社会的支援度が高いと病気発症危険率は低下
また、ジョンソンらは仕事の負担度、裁量の自由度に社会的支援度を追加した3次元モデルを提出し「社会的支援度が高い場合には冠動脈疾患の発症危険率が低くなる」ことを確認しています。筆者らの研究においても患者群では頼りになる上司がいない、仕事上の困難や悩みなどを家族に話さないなどの傾向があり、社会的(技術的、情緒的)支援が乏しい状況がみとめられています。
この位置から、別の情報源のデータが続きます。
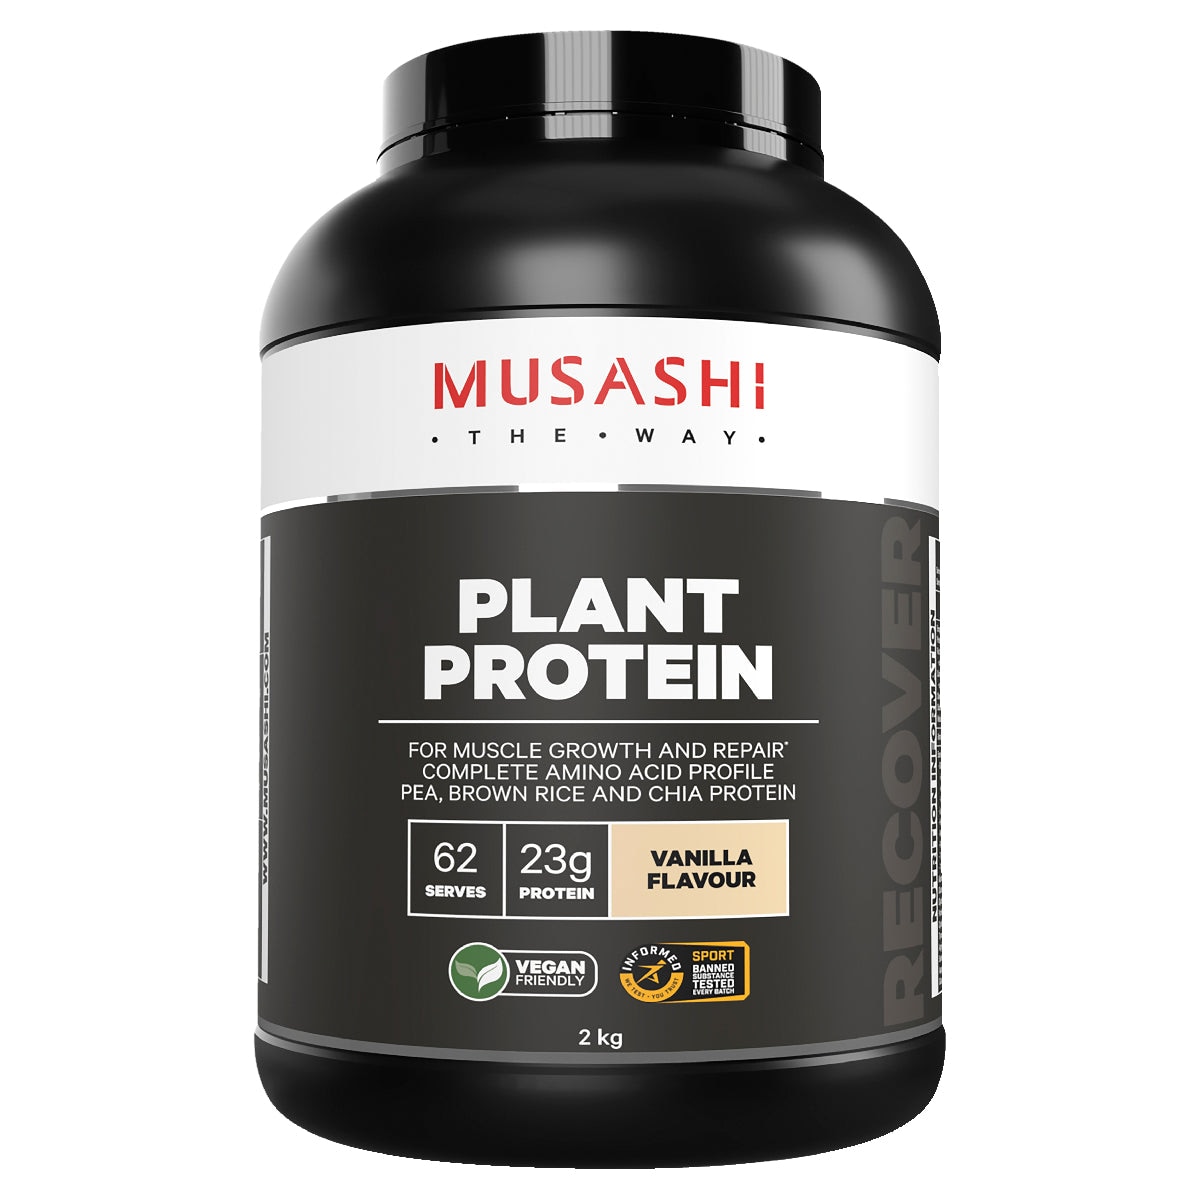 Musashi Plant Protein Powder Vanilla 2kg Australia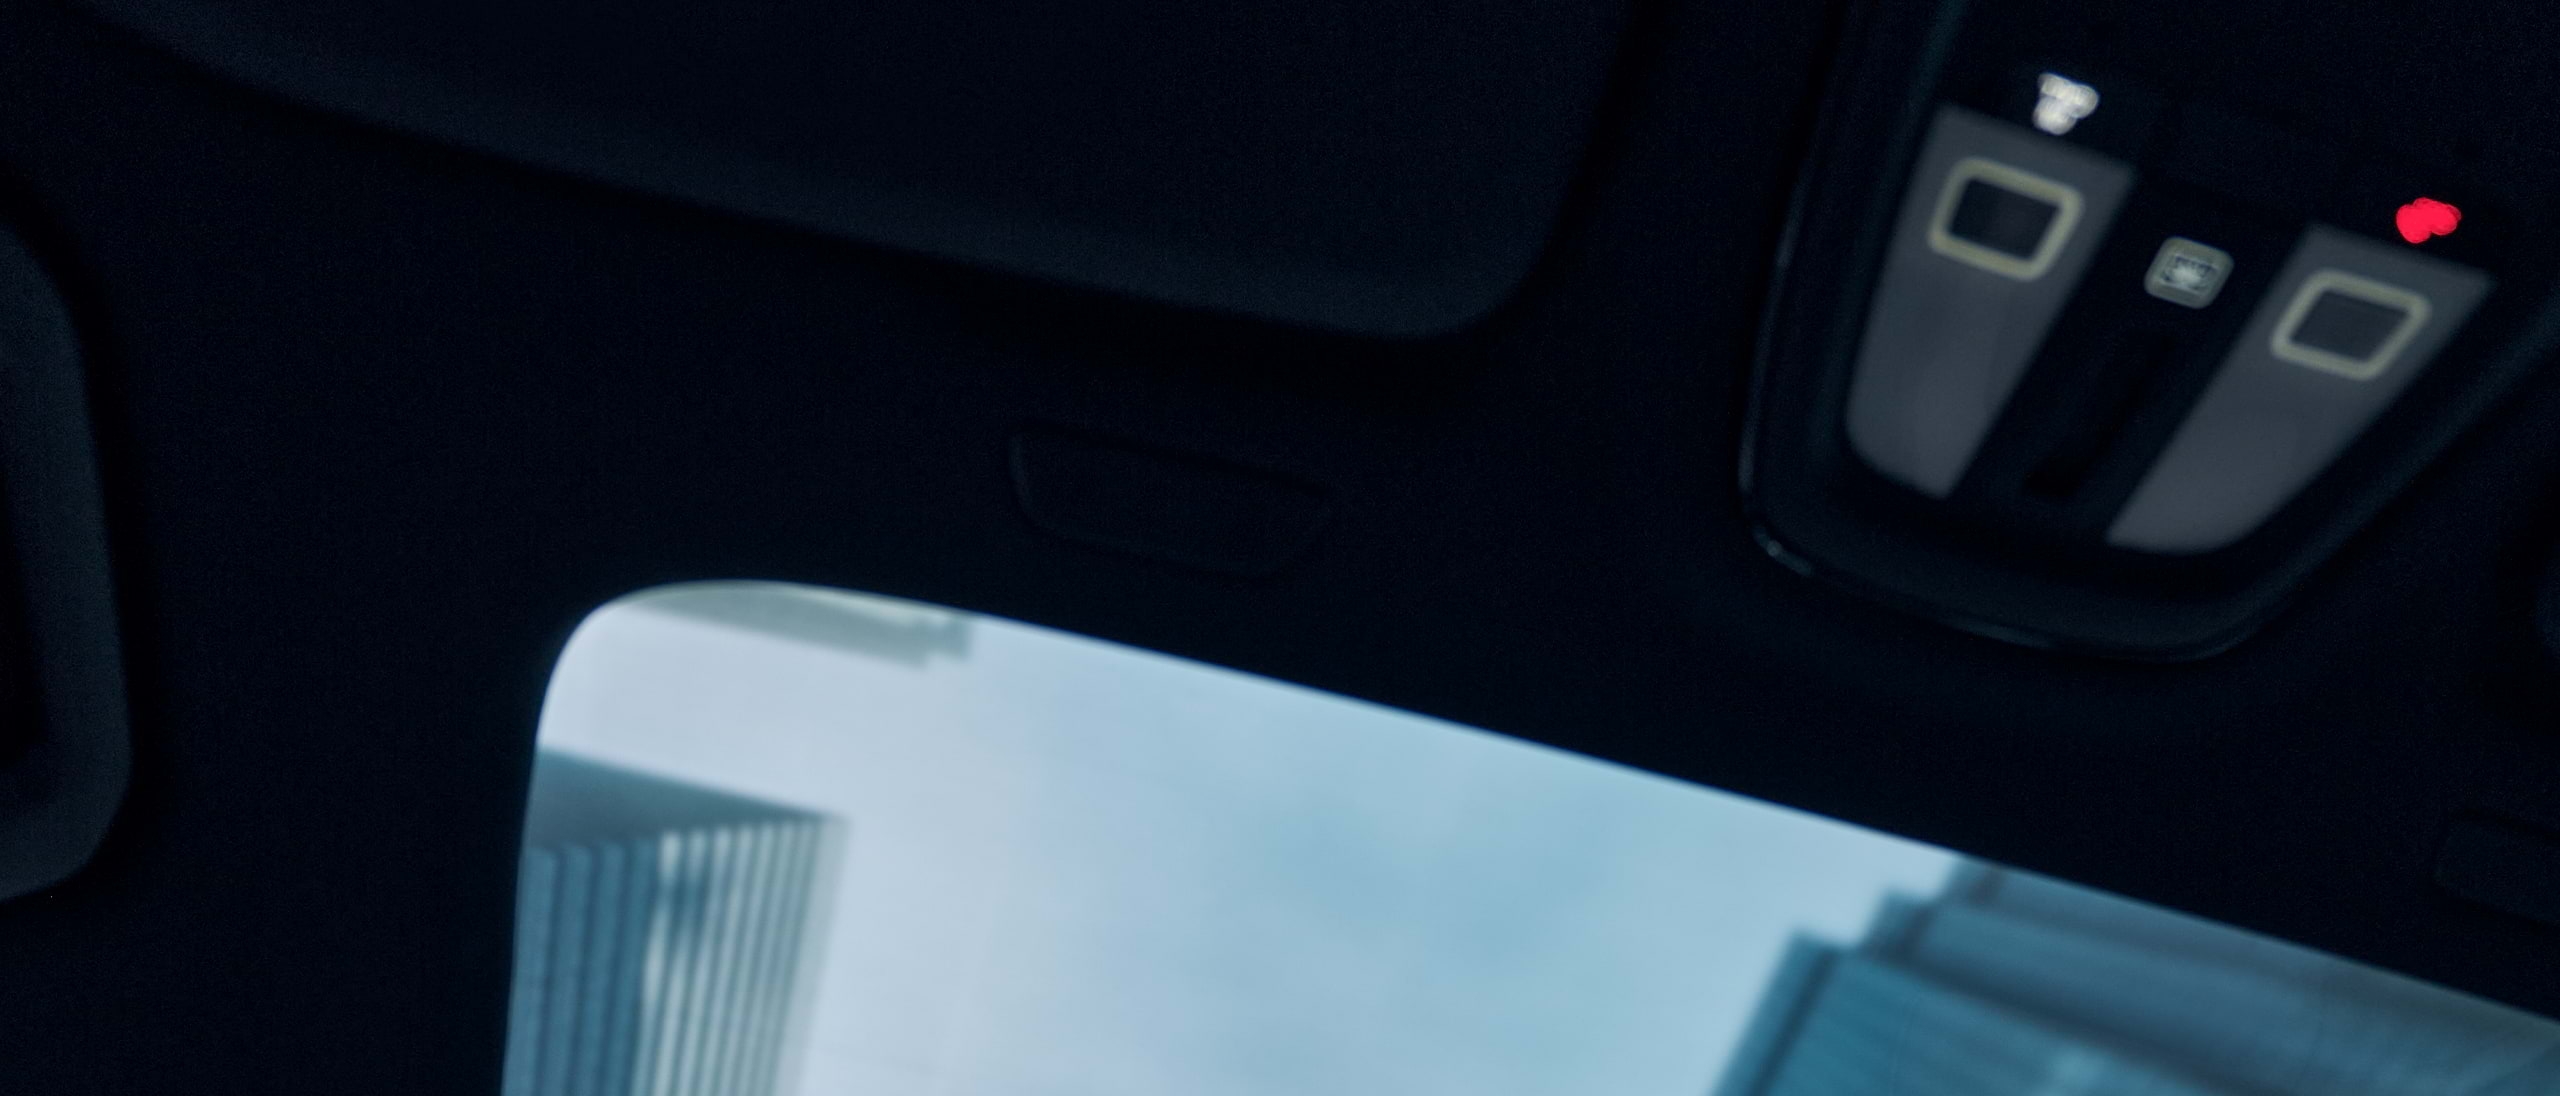 Wolkenkrabbers zijn net zichtbaar door het panoramadak van een rijdende Volvo.

このように日本の労働者を対象とした研究においても、ジョンソンらと同種の3次元モデル(高負担、低自由、低支援が複合したとき危険率が最大になる)に対応した因子がみとめられたことは、予防対策上きわめて意義が深いと考えられます。
おわりに
働き過ぎずマイペース、しかも1人で悩まない
心筋梗塞の発症を予防するには、高血圧、高脂血症、糖尿病などを早期に発見し、治療・管理することに加えて、個人のレベルで生活習慣を見直していくことが必要です。その生活習慣に深い影響を与える日々の労働の在り方として(1)仕事の負担度を軽減すること(働き過ぎに注意する)(2)裁量の自由度を高めること(マイぺースを心掛ける)(3)社会的支援を充実させること(職場や家庭での人間関係を良好にし、1人で悩まない)、などの点に留意することは心筋梗塞の予防対策として有効であると考えます。
人間らしい生活とは、3分の1は健康に働くこと、3分の1は家族や友達と幸福に暮らすこと、3分の1は社会のために役立つことをすること、と言われます。よい生活習慣を実践し、仕事を充実させ、健康で幸せに満ちた日々を過ごされますことを願っております。